* **SUPPLIED DATA**
- Opening Delimiter -
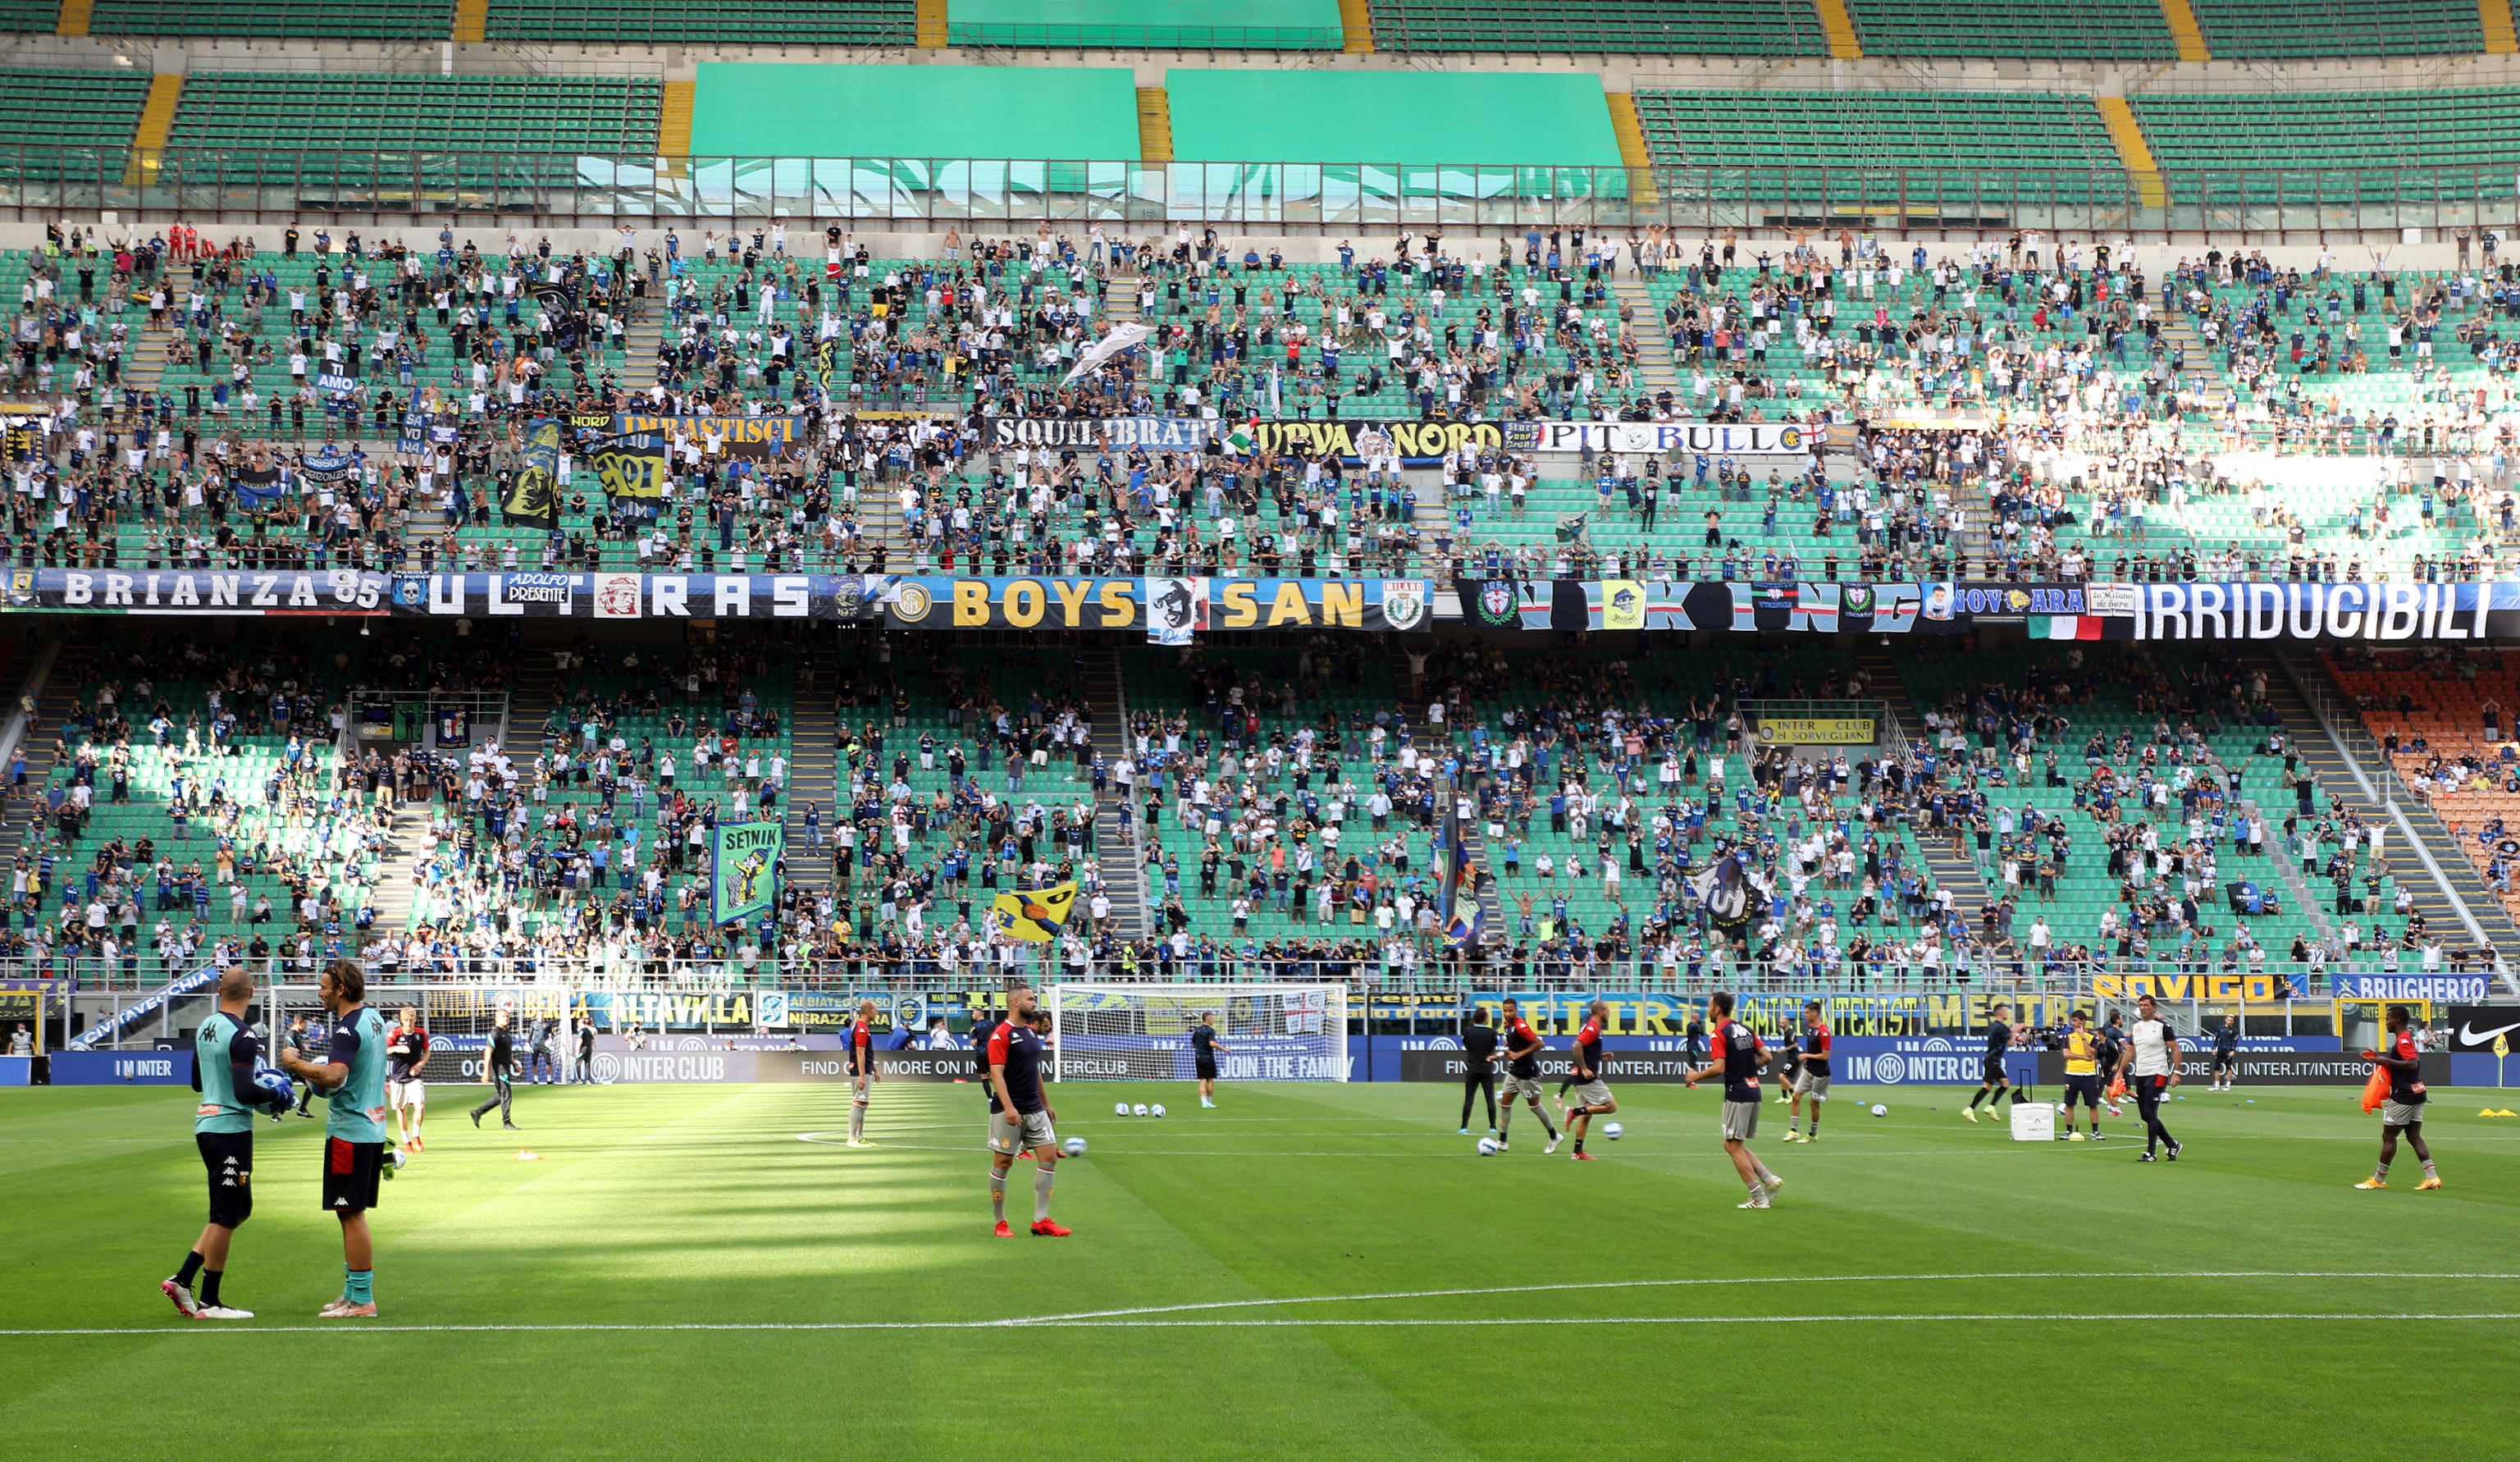 Serie A: stadi riaperti, da San Siro a Torino tifosi col green pass
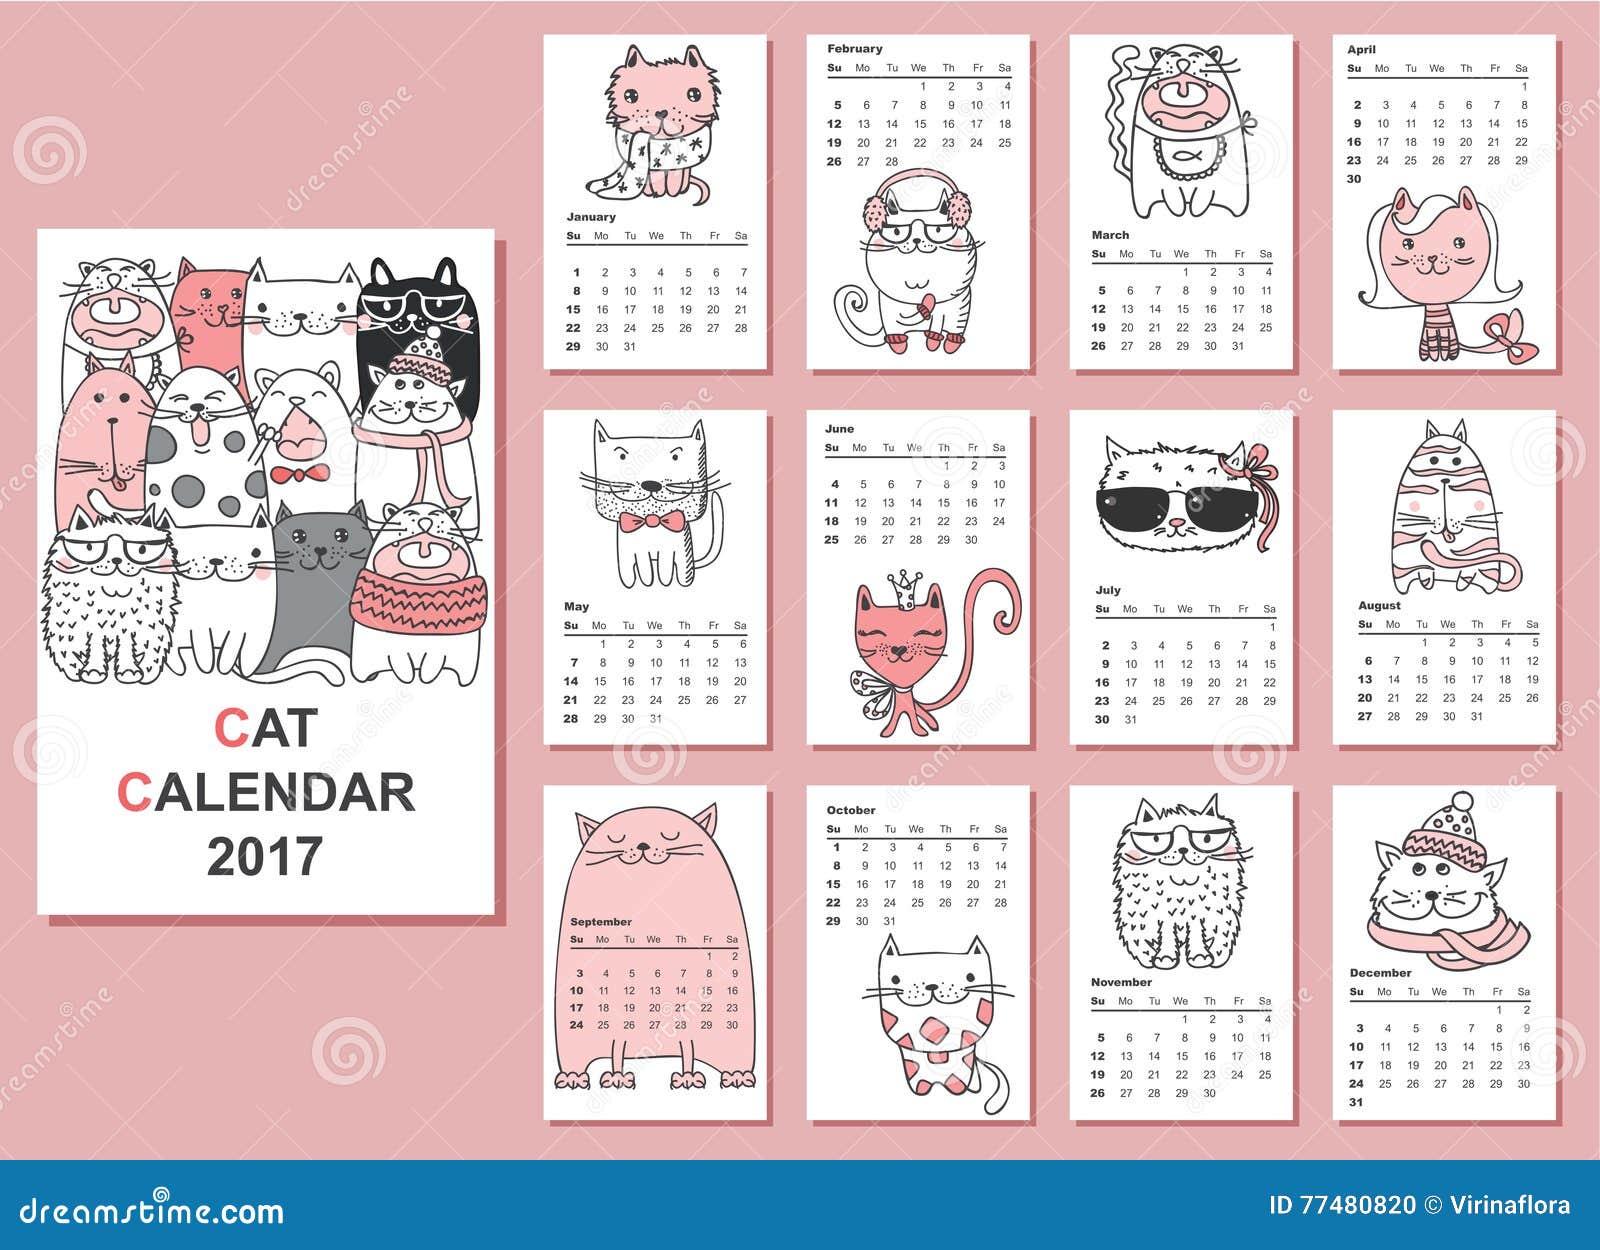 Cats calendar 2017 stock vector. Illustration of card - 77480820
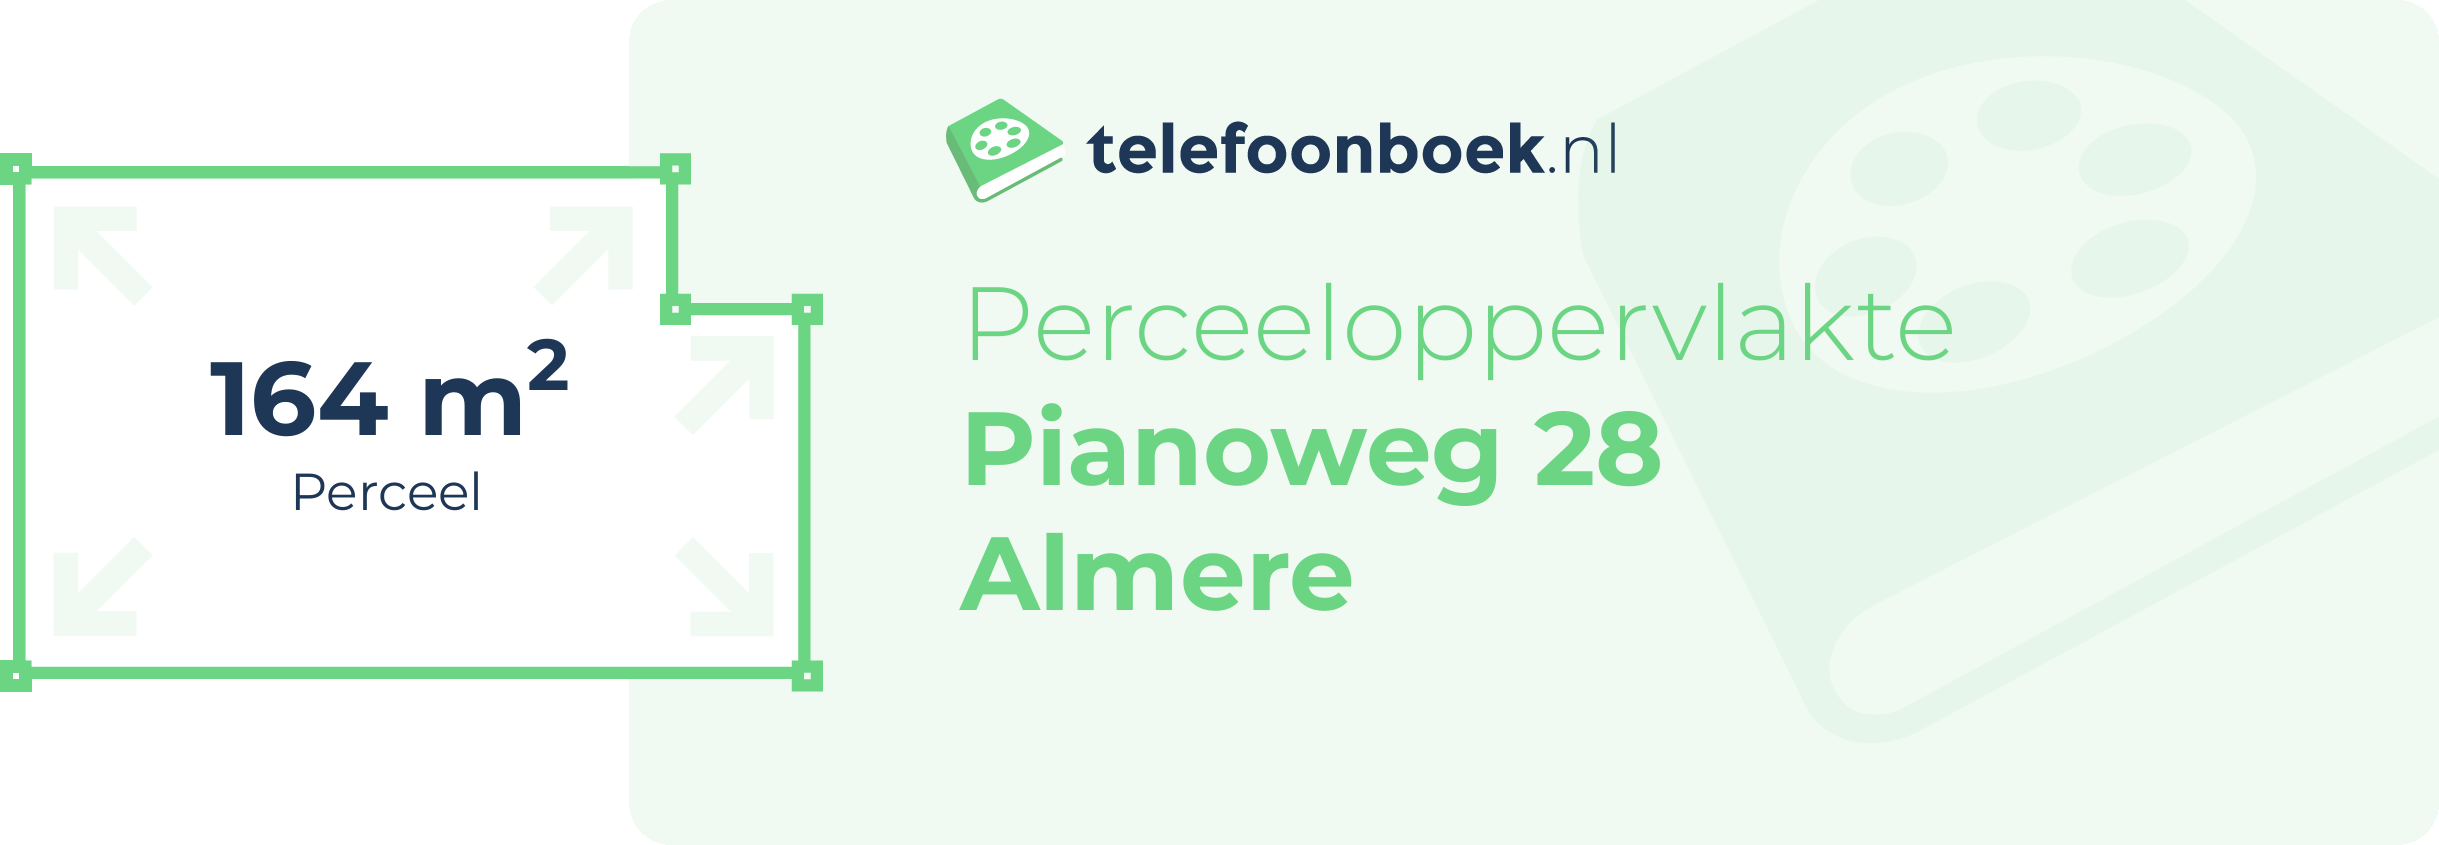 Perceeloppervlakte Pianoweg 28 Almere
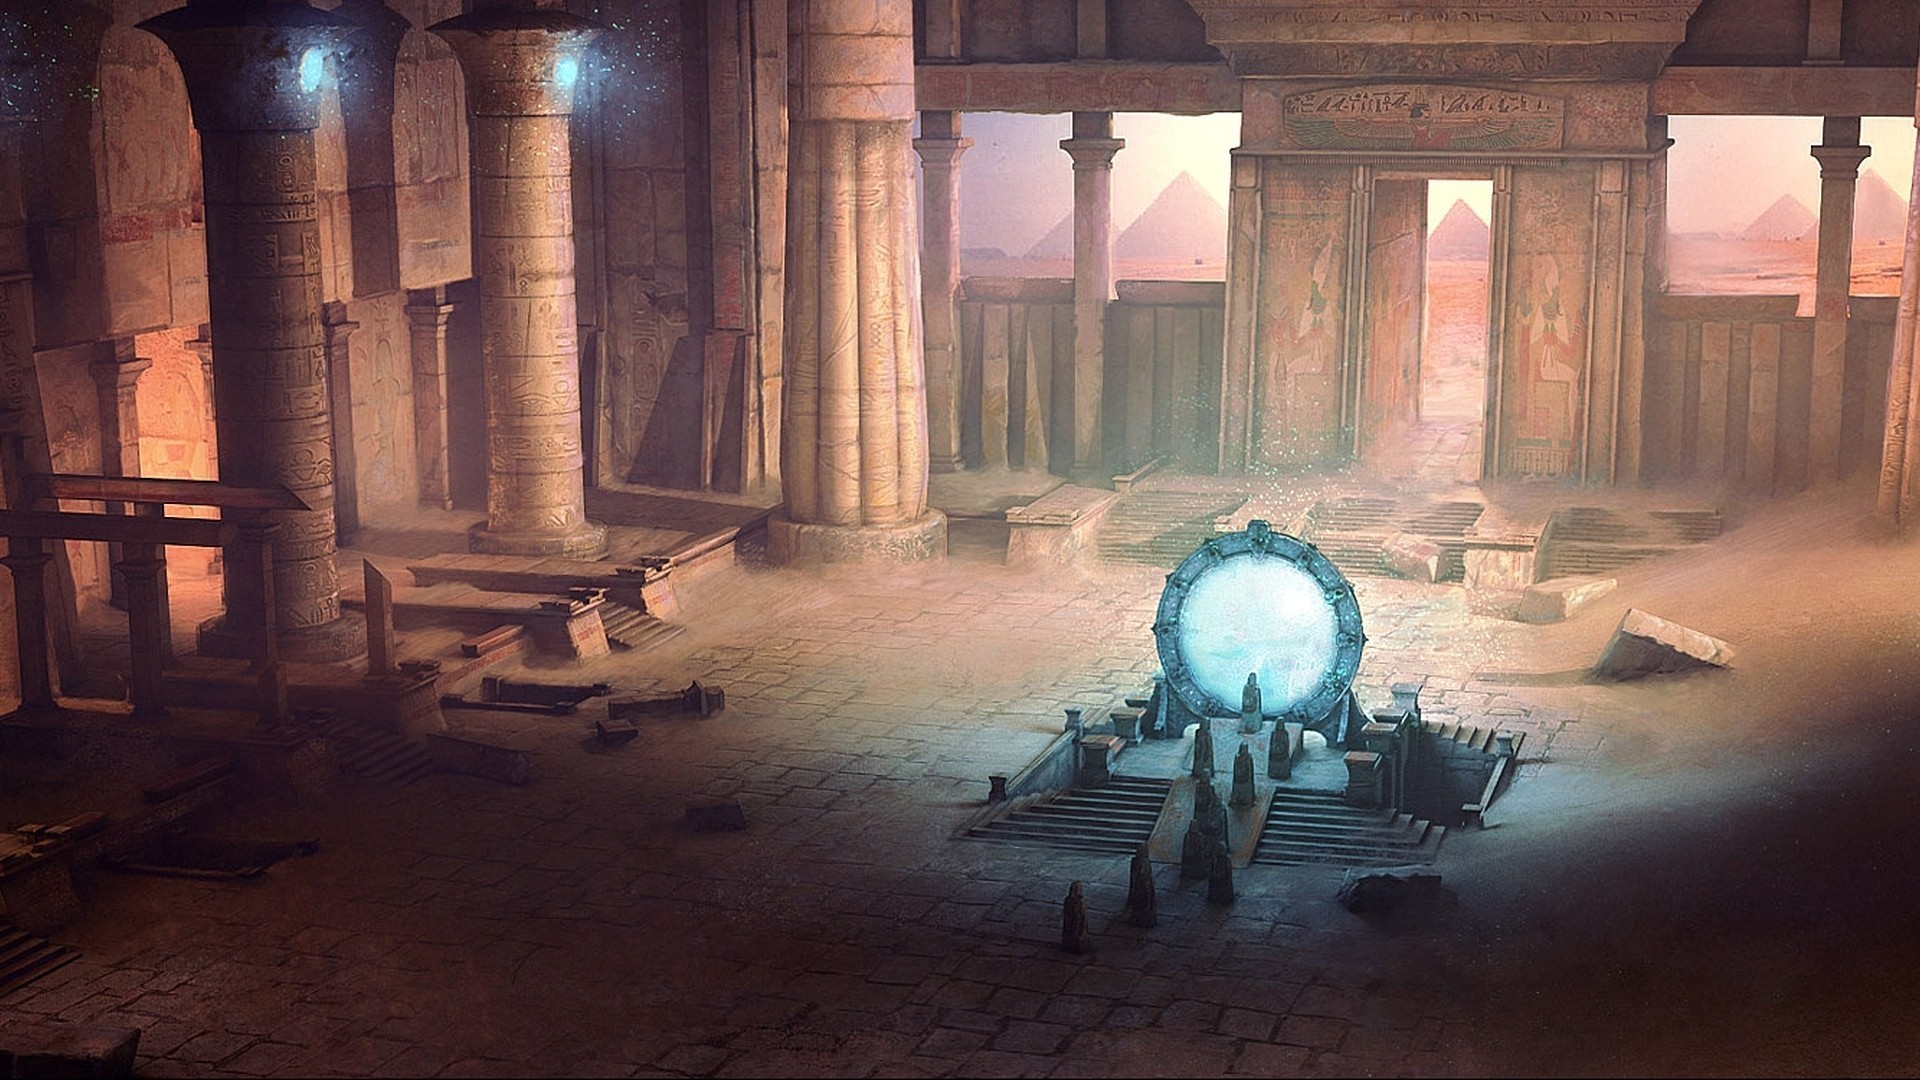 General 1920x1080 Stargate artwork ancient ruins Egypt TV series science fiction
- Closing Delimiter -
* **DIRECTIONS FOR THIS TASK**
The whole listing must be restated word for word. Leave out any pictures.

* **ANSWER BOX**
 Serie A: stadi riaperti, da San Siro a Torino tifosi col green pass
 Cats calendar 2017 stock vector. Illustration of card - 77480820
 Perceeloppervlakte Pianoweg 28 Almere
 General 1920x1080 Stargate artwork ancient ruins Egypt TV series science fiction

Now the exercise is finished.